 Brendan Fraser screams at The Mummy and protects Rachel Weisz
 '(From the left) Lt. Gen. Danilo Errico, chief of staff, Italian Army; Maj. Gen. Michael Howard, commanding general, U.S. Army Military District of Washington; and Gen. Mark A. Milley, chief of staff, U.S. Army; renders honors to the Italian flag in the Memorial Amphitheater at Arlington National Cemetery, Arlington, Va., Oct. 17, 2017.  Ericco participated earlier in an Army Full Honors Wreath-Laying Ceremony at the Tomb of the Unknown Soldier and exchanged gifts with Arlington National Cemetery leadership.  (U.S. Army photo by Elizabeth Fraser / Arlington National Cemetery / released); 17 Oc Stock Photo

---

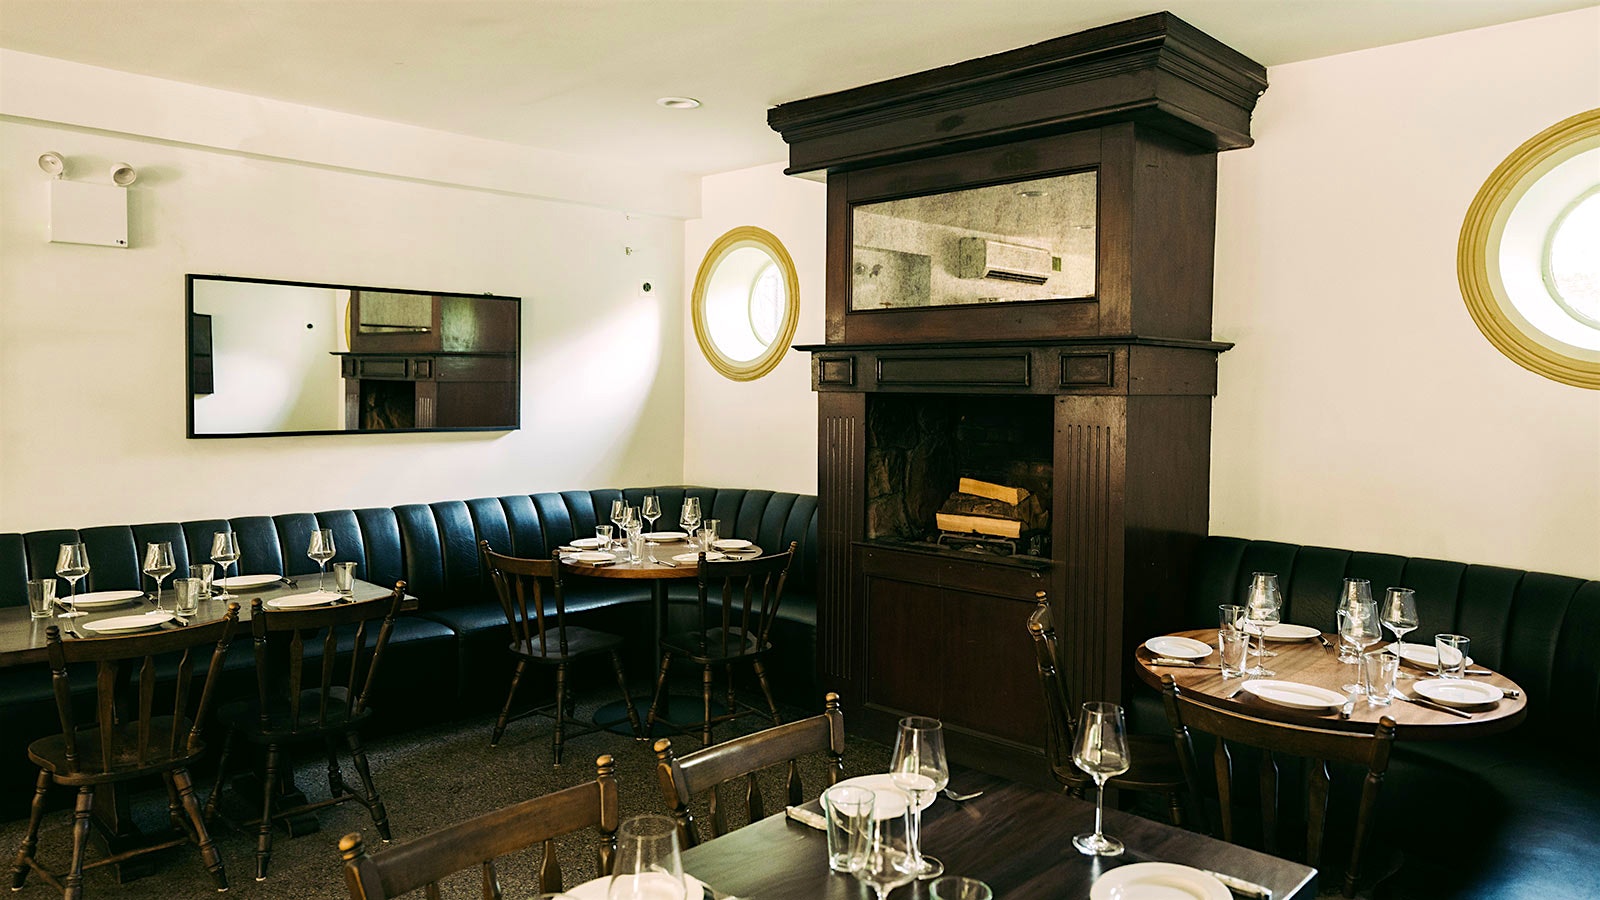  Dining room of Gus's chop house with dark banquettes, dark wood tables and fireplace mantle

---

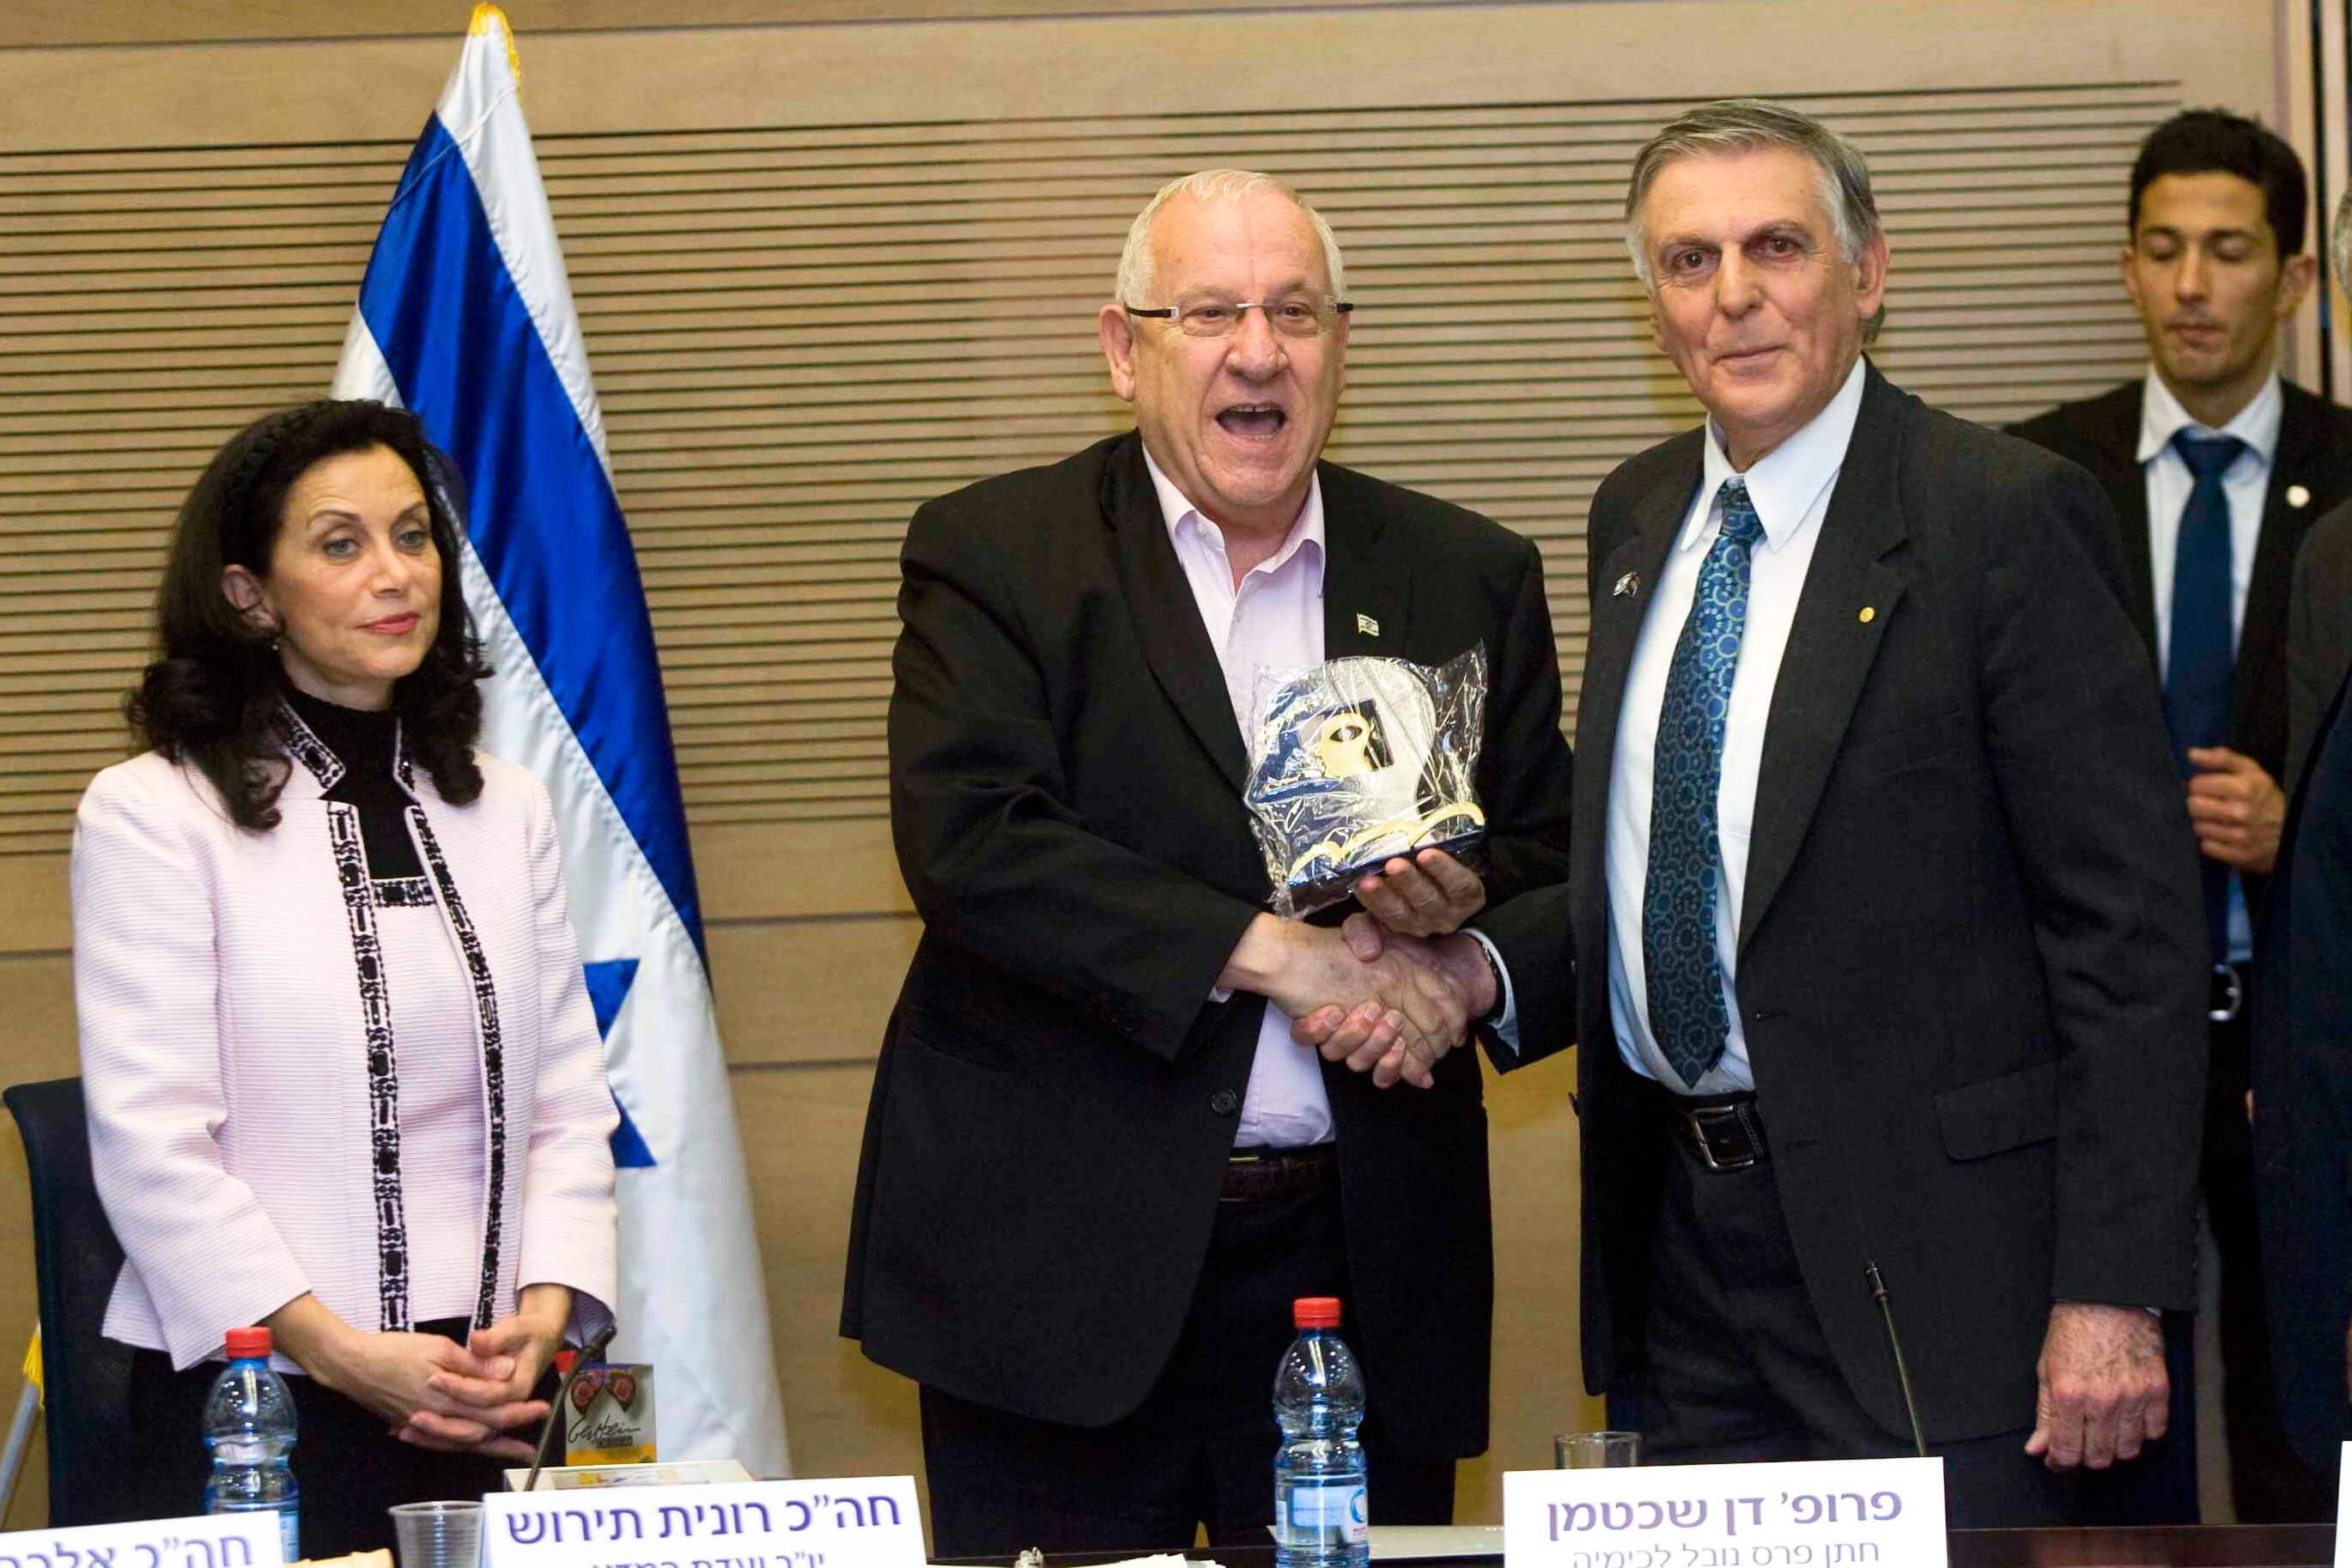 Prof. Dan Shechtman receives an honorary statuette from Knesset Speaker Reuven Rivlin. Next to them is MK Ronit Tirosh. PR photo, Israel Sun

#### Assignment:
Starting at the line that has "Brendan Fraser screams" and ending at the line that has "Oc Stock Photo", please write out the lines above exactly, leaving out all others.

#### Answer space:
 Brendan Fraser screams at The Mummy and protects Rachel Weisz
 '(From the left) Lt. Gen. Danilo Errico, chief of staff, Italian Army; Maj. Gen. Michael Howard, commanding general, U.S. Army Military District of Washington; and Gen. Mark A. Milley, chief of staff, U.S. Army; renders honors to the Italian flag in the Memorial Amphitheater at Arlington National Cemetery, Arlington, Va., Oct. 17, 2017.  Ericco participated earlier in an Army Full Honors Wreath-Laying Ceremony at the Tomb of the Unknown Soldier and exchanged gifts with Arlington National Cemetery leadership.  (U.S. Army photo by Elizabeth Fraser / Arlington National Cemetery / released); 17 Oc Stock Photo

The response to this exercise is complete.